LNL+K: Enhancing Learning with Noisy Labels Through Noise Source Knowledge Integration
Siqi Wang, Bryan A. Plummer
TL;DR
This work tackles learning with noisy labels by introducing noise-source knowledge (NS knowledge) into LNL (LNL+K), leveraging the observation that label noise often originates from a limited set of confusable categories and can be quantified via $p(c|x_i)$ and $p(c_n|x_i)$. It defines a unified clean-sample-detection framework and adapts state-of-the-art LNL methods (CRUST, FINE, SFT, UNICON, DISC) to incorporate NS knowledge, including DualT-based NS estimation. Across six datasets and two noise regimes (dominant and asymmetric), LNL+K yields substantial gains, with up to 23% accuracy improvements in dominant-noise settings and robust improvements under incomplete or estimated NS knowledge. The study introduces the notion of knowledge absorption rate and demonstrates that direct LNL+K investigation is valuable for achieving reliable learning under real-world noisy labeling scenarios, particularly when NS information is partial or noisy.
Abstract
Learning with noisy labels (LNL) aims to train a high-performing model using a noisy dataset. We observe that noise for a given class often comes from a limited set of categories, yet many LNL methods overlook this. For example, an image mislabeled as a cheetah is more likely a leopard than a hippopotamus due to its visual similarity. Thus, we explore Learning with Noisy Labels with noise source Knowledge integration (LNL+K), which leverages knowledge about likely source(s) of label noise that is often provided in a dataset's meta-data. Integrating noise source knowledge boosts performance even in settings where LNL methods typically fail. For example, LNL+K methods are effective on datasets where noise represents the majority of samples, which breaks a critical premise of most methods developed for LNL. Our LNL+K methods can boost performance even when noise sources are estimated rather than extracted from meta-data.
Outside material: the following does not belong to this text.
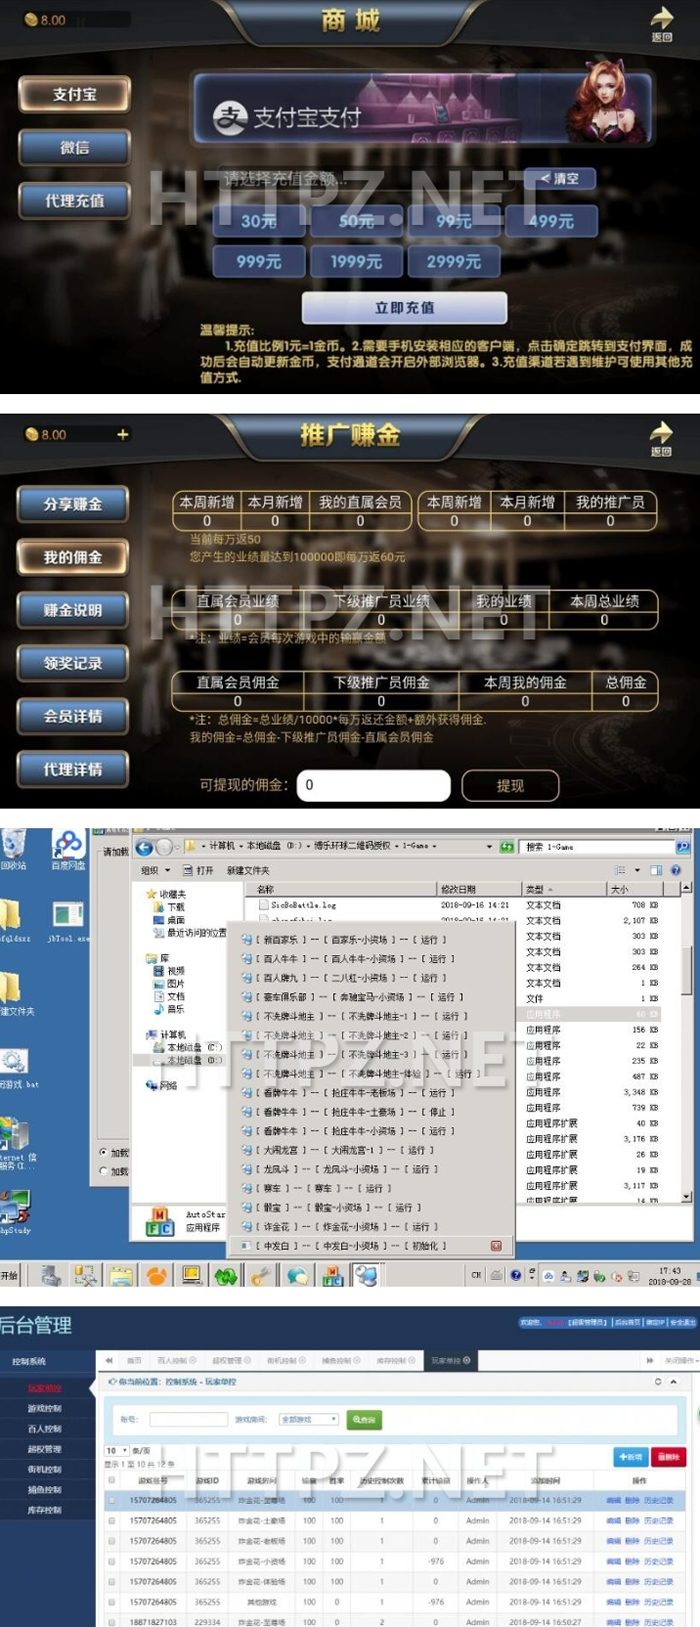 博乐ZQ娱乐游戏源码 1:1组件/网狐经典版二开源码程序插图(1)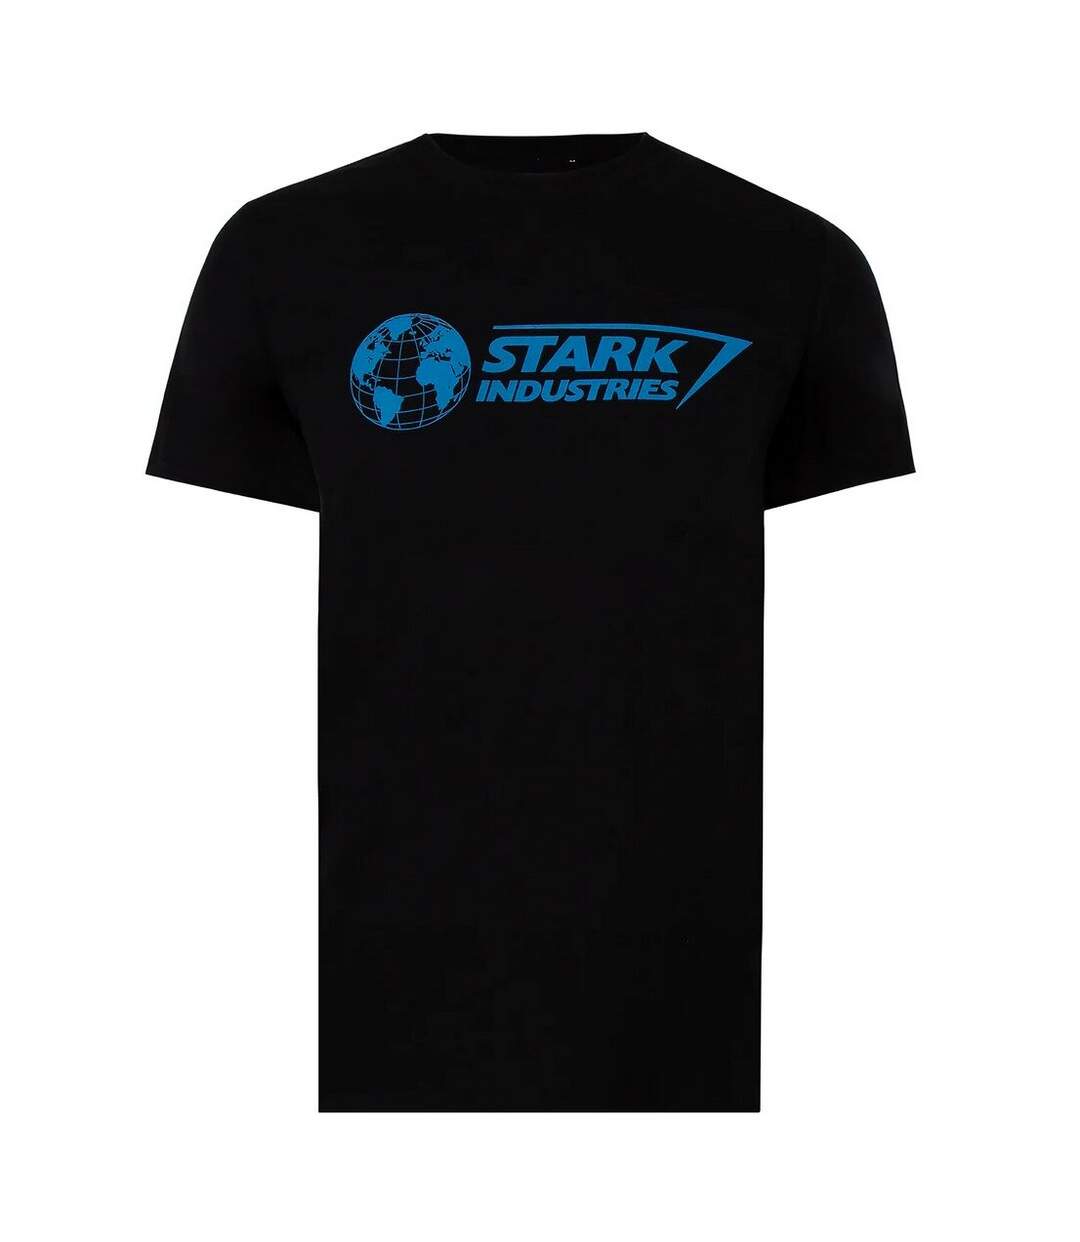 Marvel - T-shirt STARK INDUSTRIES - Homme (Noir / Bleu) - UTTV414

We provide several baseline LNL+K methods that integrate noise source knowledge into state-of-the-art LNL models that are evaluated across six diverse datasets and two types of noise, where we report gains of up to 23% compared to the unadapted methods. Critically, we show that LNL methods fail to generalize on some real-world datasets, even when adapted to integrate noise source knowledge, highlighting the importance of directly exploring LNL+K.